Nucant Pseudopeptides Do Not Translocate Into the Nucleus

Additional file 4

Nucant pseudopeptides do not translocate into the nucleus.

Figure 5S. Entry of HB-19 and related Nucant pseudopeptides into the cytoplasm but not into the nucleus of human breast cancer cells.

Subconfluent MDA-MB 231 cells plated in eight-well glass slides were incubated (37°C, 5 hours) with biotinylated HB-19, N3 or N7 (each at 10 M concentration). PFA/Triton fixed cells were then processed for immunofluorescence microscopy using rabbit anti-biotin and FITC conjugated goat anti-rabbit IgG. Nuclei were colored with DAPI. Like other surface nucleolin ligands, HB-19 and related Nucant pseudopeptides enter cells by an active process and become accumulated in the cytoplasm without translocating to the nuclei ([1-5]; and unpublished data). In these studies cells were fixed with PFA/Triton before confocal laser immunofuorescence microscopy. The lack of Nucant entry into the nuclei was also observed in PFA/Triton fixed leukemia cells in which Nucant results in cell killing as soon as 16-24 hours after treatment (see Main text). In such leukemia cells, biotinylated N3 or N7 enter the cytoplasm but they do not translocate into the nuclei of cells (Main text, Figure 8).
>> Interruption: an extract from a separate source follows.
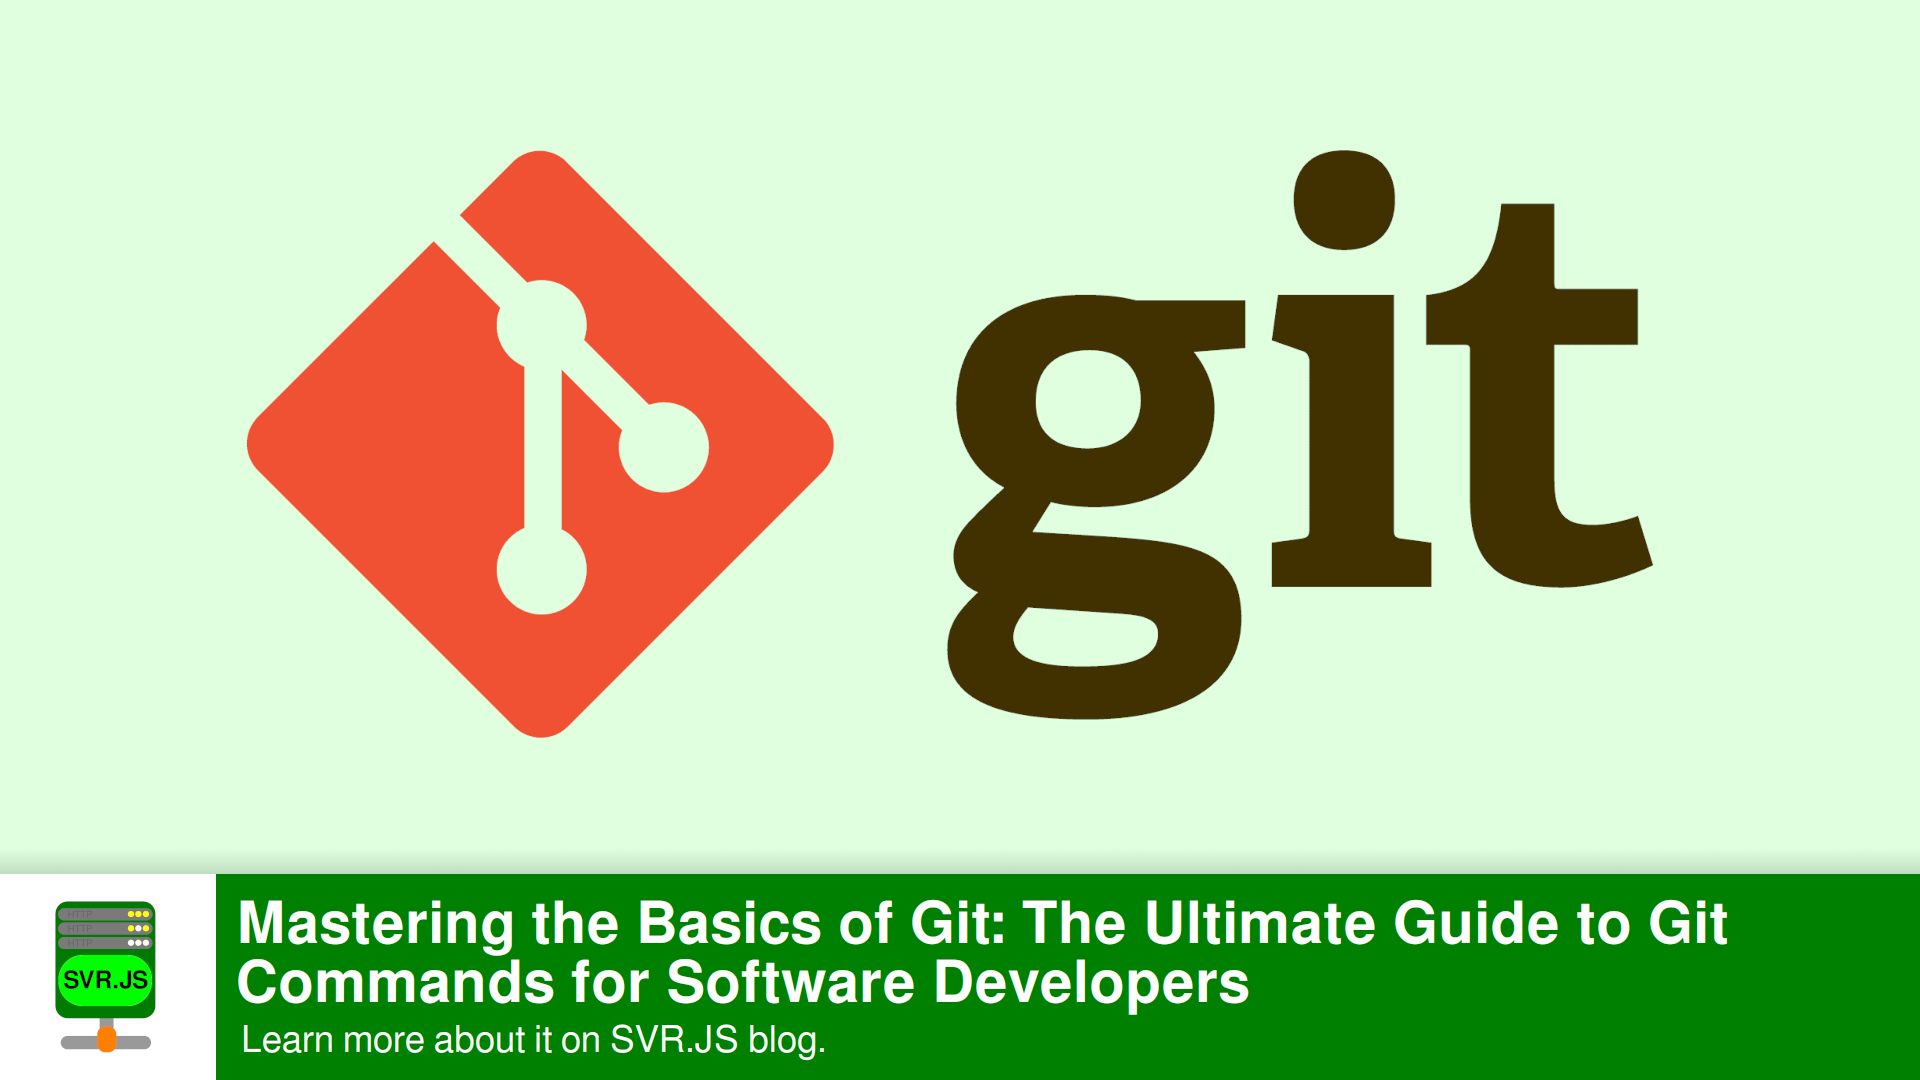 Mastering the Basics of Git: The Ultimate Guide to Git Commands for Software Developers

In contrast to these observations, N6L has been claimed to enter the nuclei of MDA-MB 231 cells [6]. We believe that this latter is an artifact due to the experimental conditions that 2 were used to fix cells with methanol/acetone, which appear to permeabilize the nuclear membrane and modify localization of Nucant during fixation of cells. Moreover, a strong fluorescent N6L signal in the cytoplasm could falsely be interpreted as a nuclear signal, since detection of immunofluorescence was carried out simply by using a fluorescence microscope [6]. Fixation of cells with PFA/Triton and confocal laser immunofluorescence microscopy could have clearly demonstrated that the results obtained after methanol/acetone fixation are artifactual.

1. Said AE, Krust B, Nisole S, Briand JP, Hovanessian AG: The anti-HIV cytokine midkine binds the cell-surface-expressed nucleolin as a low affinity receptor. J Biol Chem 2002, 277:37492-37502. 2. Said EA, Courty J, Svab J, Delbé J, Krust B, Hovanessian AG: Pleiotrophin inhibits HIV infection by binding the cell surface expressed nucleolin. FEBS J 2005, 272:4646-4659. 3. Destouches D, El Khoury D, Hamma-Kourbali Y, Krust B, Albanese P, Katsoris P, Guichard G, Briand JP, Courty J, Hovanessian AG: Suppression of tumor growth and angiogenesis by a specific antagonist of the cell-surface expressed nucleolin. PLoS ONE 2008, 3(6): e2518. 4. Legrand D, Vigie K, Said EA, Elass E, Masson M, Slomianny MC, Carpentier M, Briand JP, Mazurier J, Hovanessian AG: Surface nucleolin participates in both the binding and endocytosis of lactoferrin in target cells. Eur J Biochem 2004, 271:303-317. 5. Hovanessian AG: Midkine is a cytokine that inhibits HIV infection by binding to the cell surface expressed nucleolin. Cell Res 2006, 16:174-181. 6. Destouches D, Page N, Hamma-Kourbali Y, Machi V, Chaloin O, Frechault S, Birmpas C, Katsoris P, Beyrath J, Albanese P, Maurer, M, Carpentier, G, Strub, JM, Van Dorsselaer, A, Muller, S, Bagnard, D Briand, JP, Courty, J: A Simple Approach to Cancer Therapy Afforded by Multivalent Pseudopeptides That Target Cell- Surface Nucleoproteins. Cancer Res 2011, 71(3296-3305).